天真的探索对于在线LQR是最佳的

论文标题

天真的探索对于在线LQR是最佳的

Naive Exploration is Optimal for Online LQR

论文作者

Simchowitz, Max, Foster, Dylan J.

论文摘要

我们考虑了线性二次调节器的在线自适应控制的问题，其中真实的系统参数未知。我们证明了新的上限和下限，表明最佳遗憾缩放为$ \widetildeθ（{\ sqrt {d _ {\ MathBf {\ MathBf {u}}^2 D _ {\ Mathbf {x}}}} t}} t}} t}}}}}）输入空间和$ d _ {\ mathbf {x}} $是系统状态的维度。值得注意的是，我们的下限排除了$ \ mathrm {poly}（\ log {} t）$ - 遗憾算法的可能性，这是由于问题的明显强烈凸出而被猜想的。
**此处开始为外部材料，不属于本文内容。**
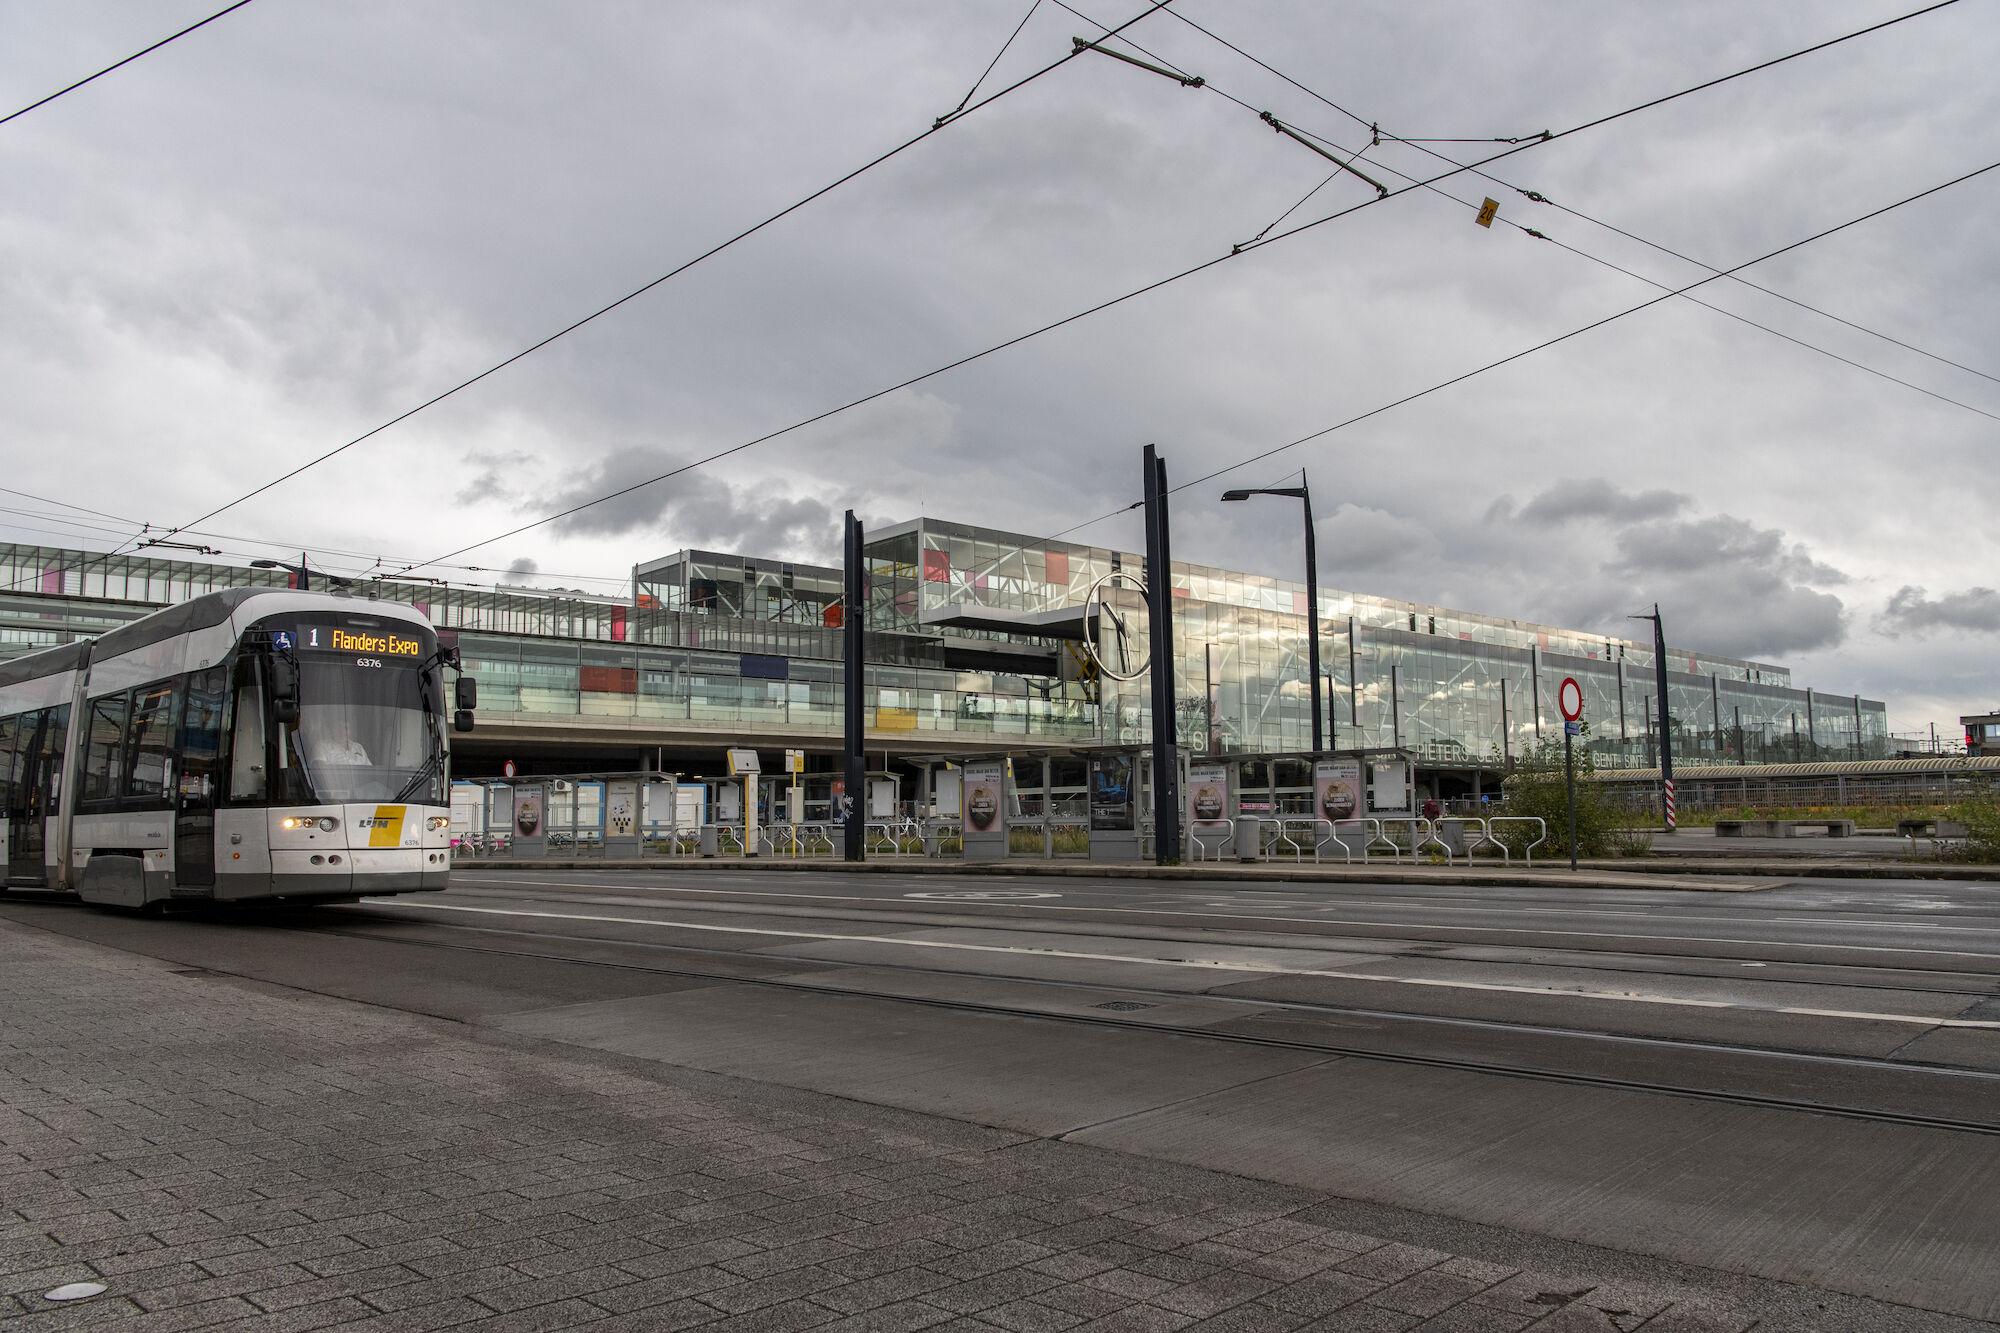 Tram 1 Flanders Expo.jpg

我们的上限是通过$ \ textit {确定性等效控制} $的简单变体来实现的，其中学习者根据最佳控制器选择控制输入，同时注入探索性随机噪声。尽管这种方法被证明可以实现$ \ sqrt {t} $ - （Mania et al.2019）的遗憾，但我们表明，如果学习者不断完善对系统矩阵的估计，则该方法也可以达到最佳维度依赖性。我们的上限和下限的核心是一种新方法，用于控制称为$ \ textIt {自我键入的ode方法} $的Riccati方程的扰动，我们用来从估计的系统动力学中得出确定性等效控制器合成的确定性等效控制器。反过来，这使遗憾的是上限，以$ \ textit {任何可稳定的实例} $，并以自然控制理论数量进行扩展。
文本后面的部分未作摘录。